Github workflows will be utilized in this Github repository. Once the workflows described in the Preconditions and Deploy an AKS cluster and install the kubeflow or mlflow components sections have been successfully executed, all resource groups listed should be visible in the Azure Portal UI:

Deployed resource groups Deployed cloud-infra resource group

Preconditions

  1. Deploy an Azure Storage Account Service including container for terraform backends trough the deploy-tf-backend workflow

Deploy an AKS cluster, install the kubeflow or mlflow components or setup kubernetes resources for applications

  1. Deploy an AKS trough the deploy-k8s-cluster workflow
  2. Optional: Install external helm charts (e.g. ml-ops tools) into the deployed kubernetes cluster trough install-helm-charts workflow
  3. Optional: Deploy kubernetes resources for application (secrets or reverse-proxy ingress) trough create-internal-k8s-resources workflow

NOTE:

  • Set all the required Github secrets for aboves workflows
  • In order to locally access the deployed AKS cluster launch the devcontainer and retrieve the necessary kube config as displayed in the GitHub workflow step labeled with title Download the ~/.kube/config

kubeflow

To access the kubeflow dashboard following the installation of kustomize and kubeflow components, execute the following command:

kubectl port-forward svc/istio-ingressgateway -n istio-system 8080:80

and visit in a browser of choice localhost:8080.

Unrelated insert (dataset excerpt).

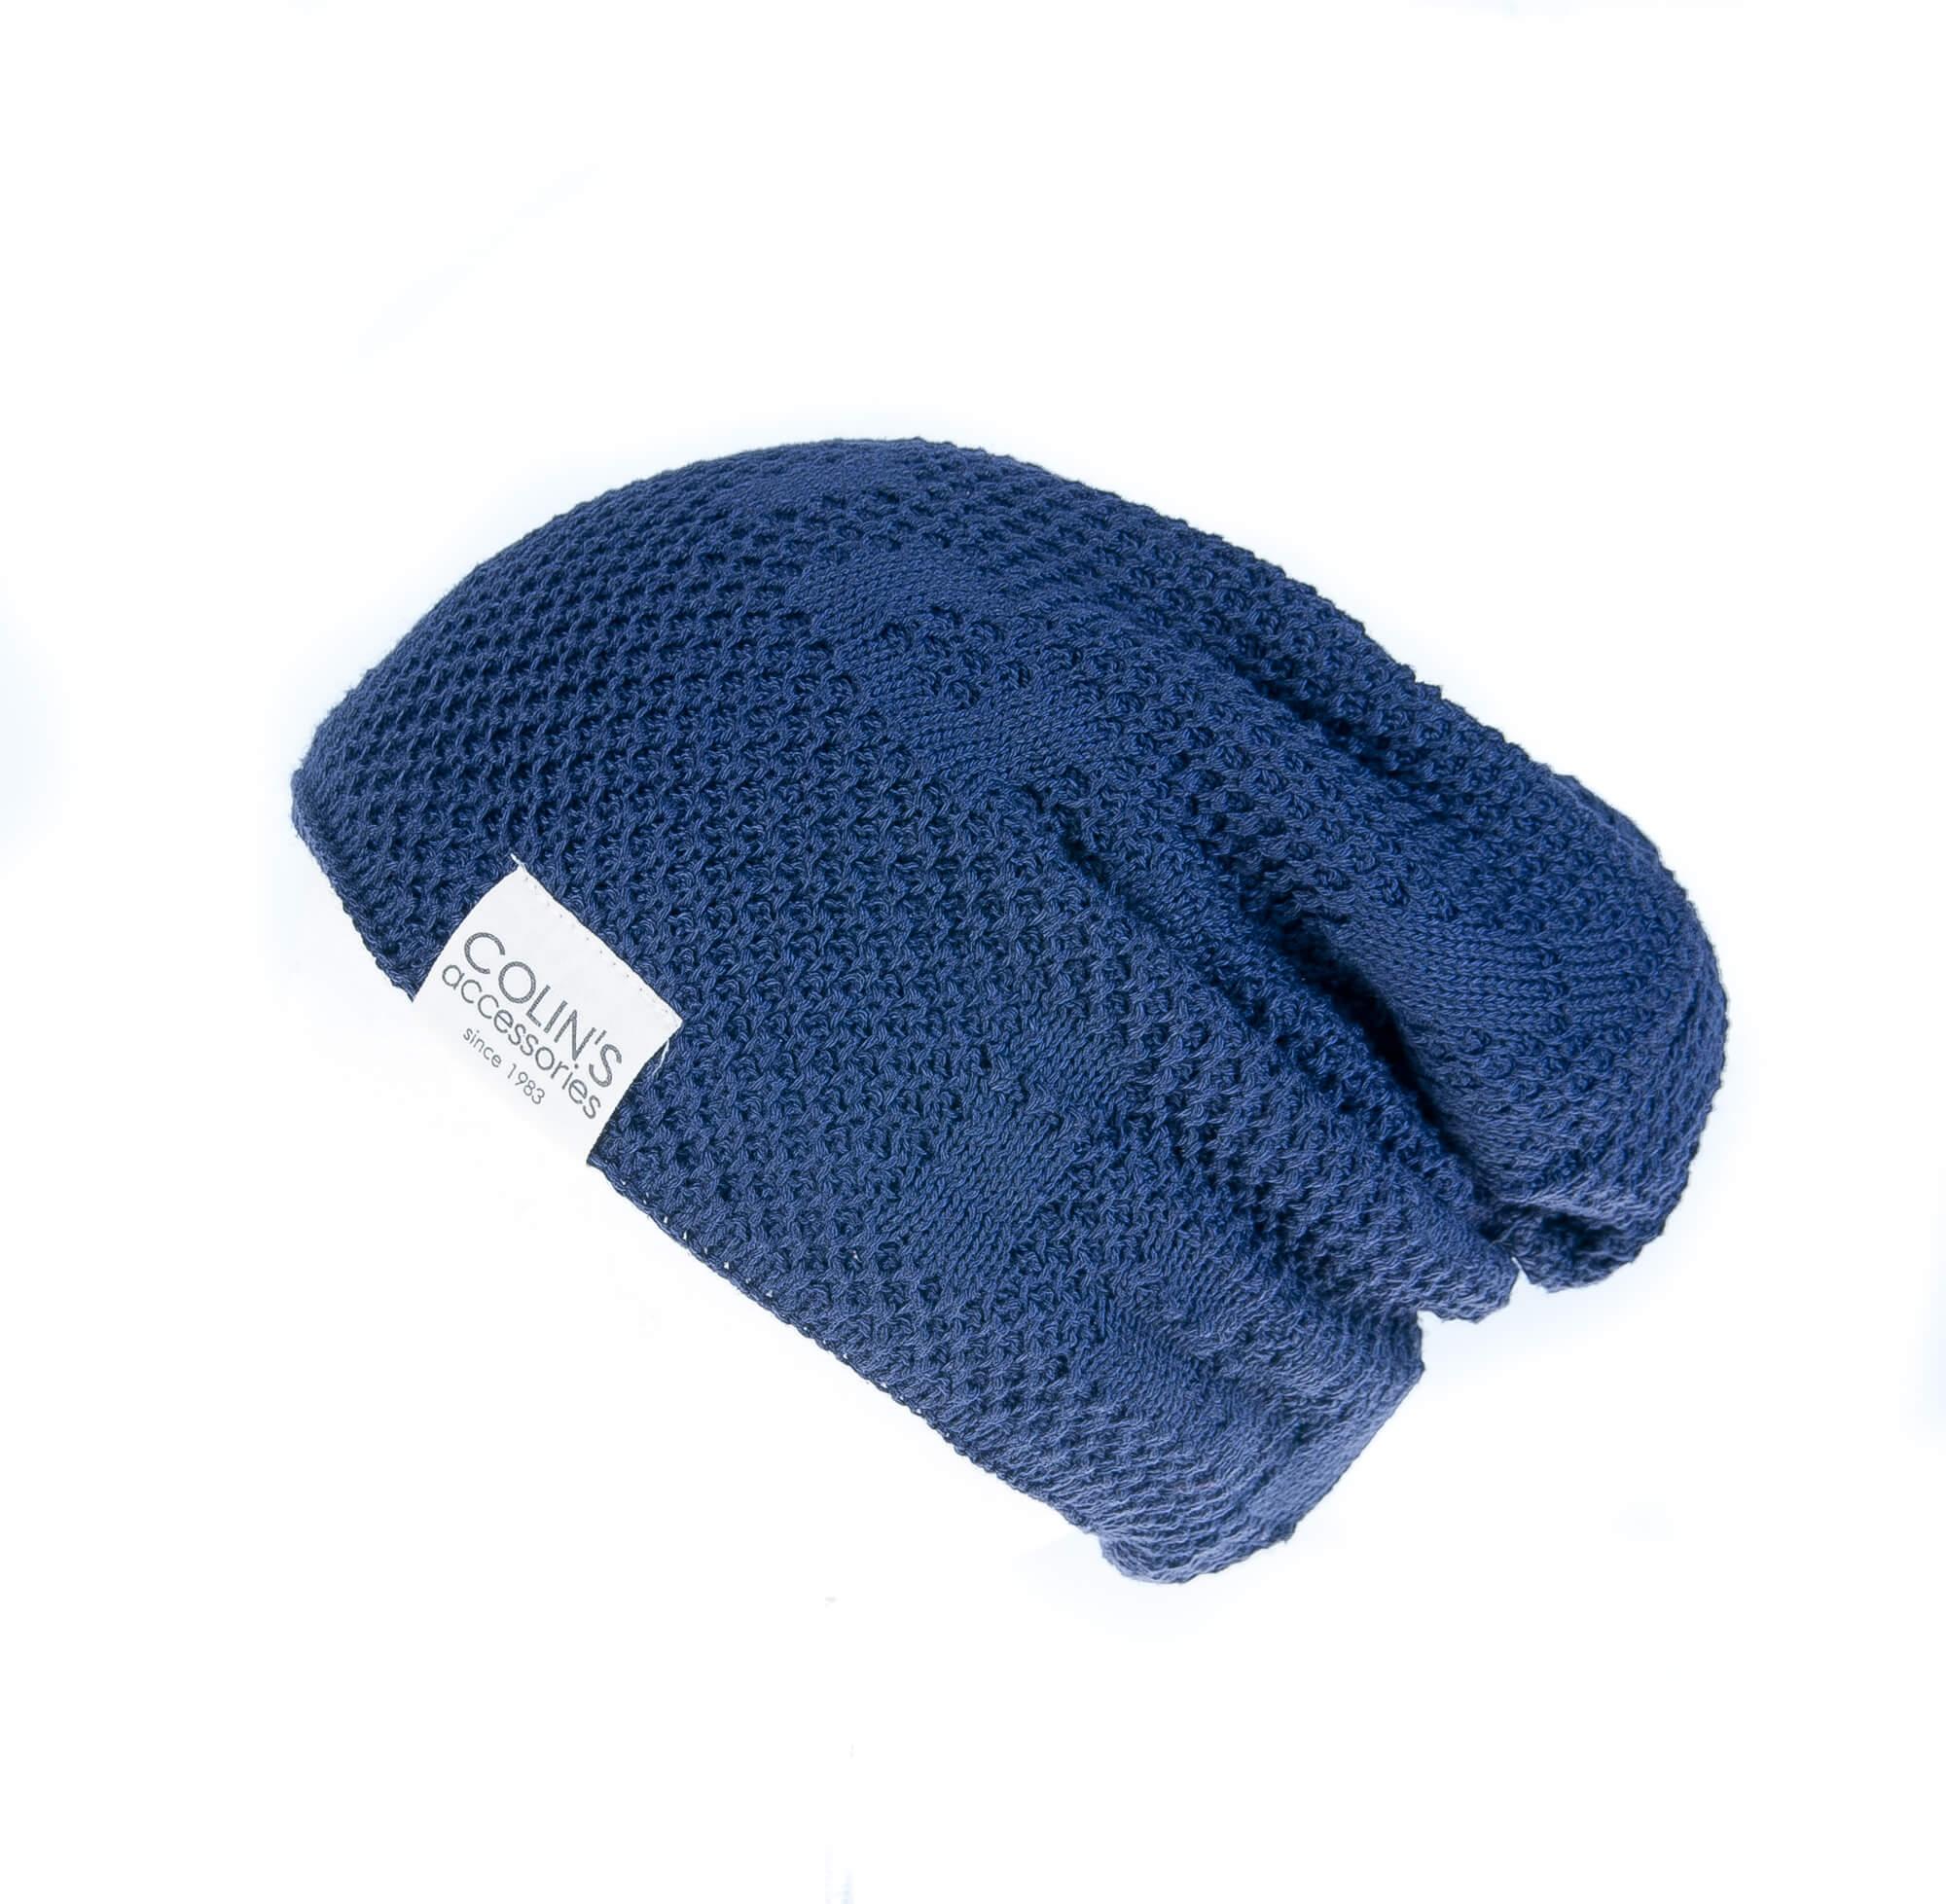 کلاه مردانه بافتنی COLIN'S ACCESSORIES – پشمی HW1004
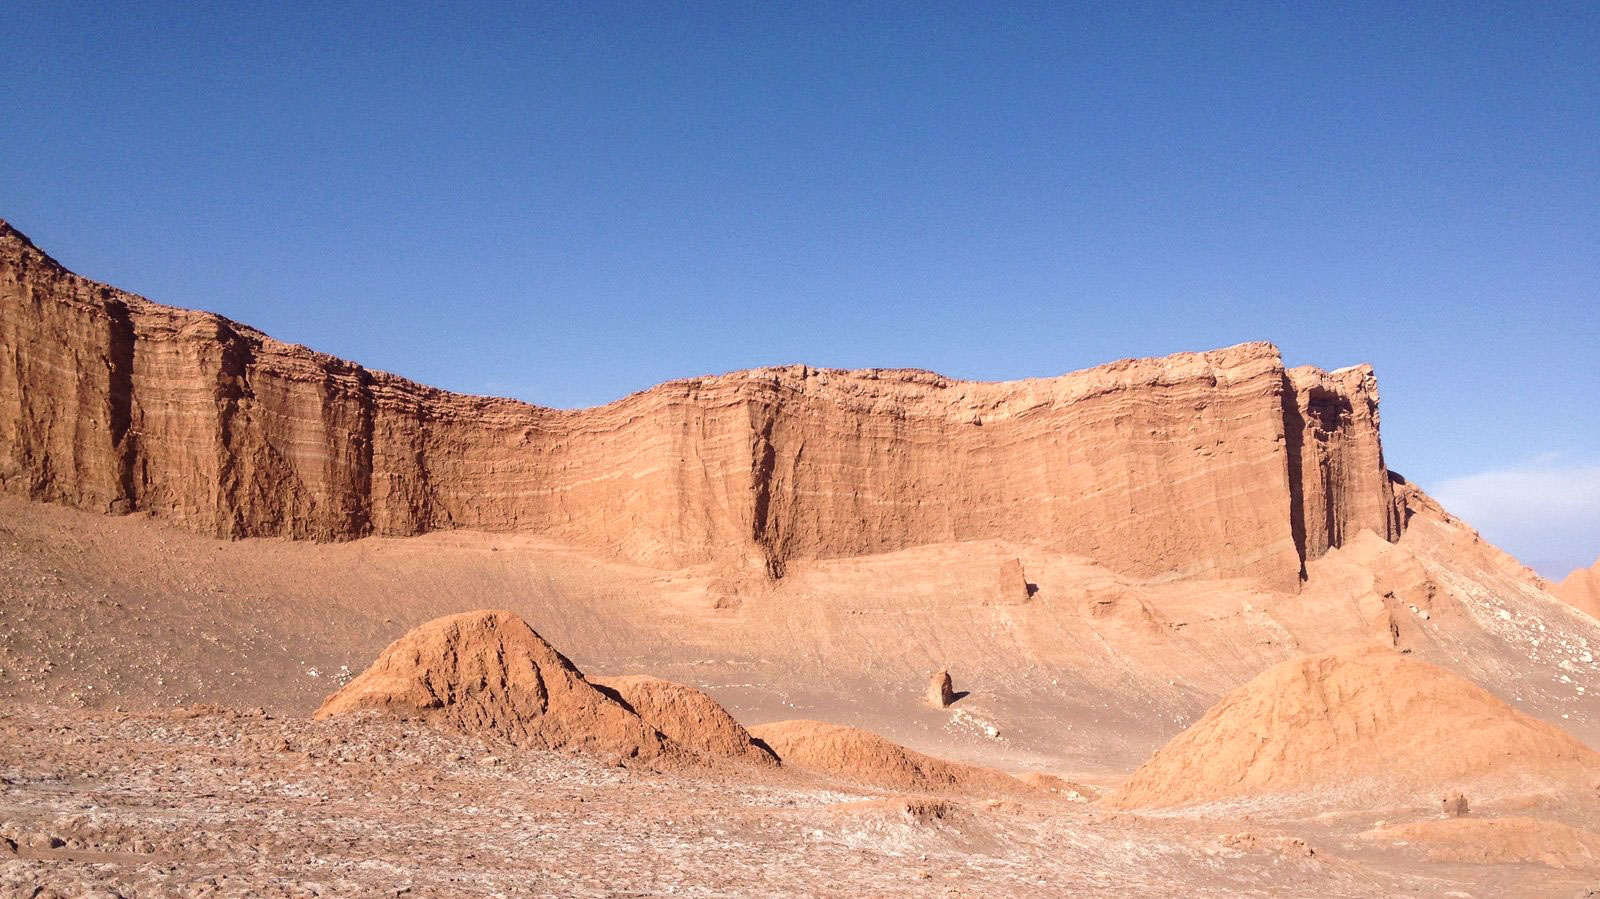 Since Adams left Alaska, deserts—like Chile's Atacama, shown here—have provided new inspiration. John Luther Adams

Finally, open http://localhost:8080 and login with the default user’s credentials. The default email address is [email protected] and the default password is 12341234.

kubeflow-dashboard

Jupyter notebooks

When creating the Jupyter notebook instance consider the following data volume:

Jupyter instance data volume

The volumes that were created appear as follows:

Jupyter instance created volumes

The Jypter instace that was created appear as follows:

Created Jupyter instance

NOTE: You can check the status of the Jupyter instance pods:

Check jupyter instance pods

Once CONNECTED to a Jupyter instance ensure to clone this Git repository (HTTPS URL: https://github.com/MGTheTrain/ml-ops-poc.git):

Clone git repository

You then should have the repository cloned in your workspace:

Cloned git repository in jupyter instance

Execute a Jupyter notebook to either train the model or perform inference (P.S. It's preferable to begin with the mnist-trainnig.ipynb. Others are either resource intensive or not yet implemented):

Run jupyter notebook example

Applying TFJob or PyTorchJob k8s manifests

After successful installation of the Kubeflow Training Operator, apply some sample k8s ML training jobs, e.g. for PyTorch and for Tensorflow.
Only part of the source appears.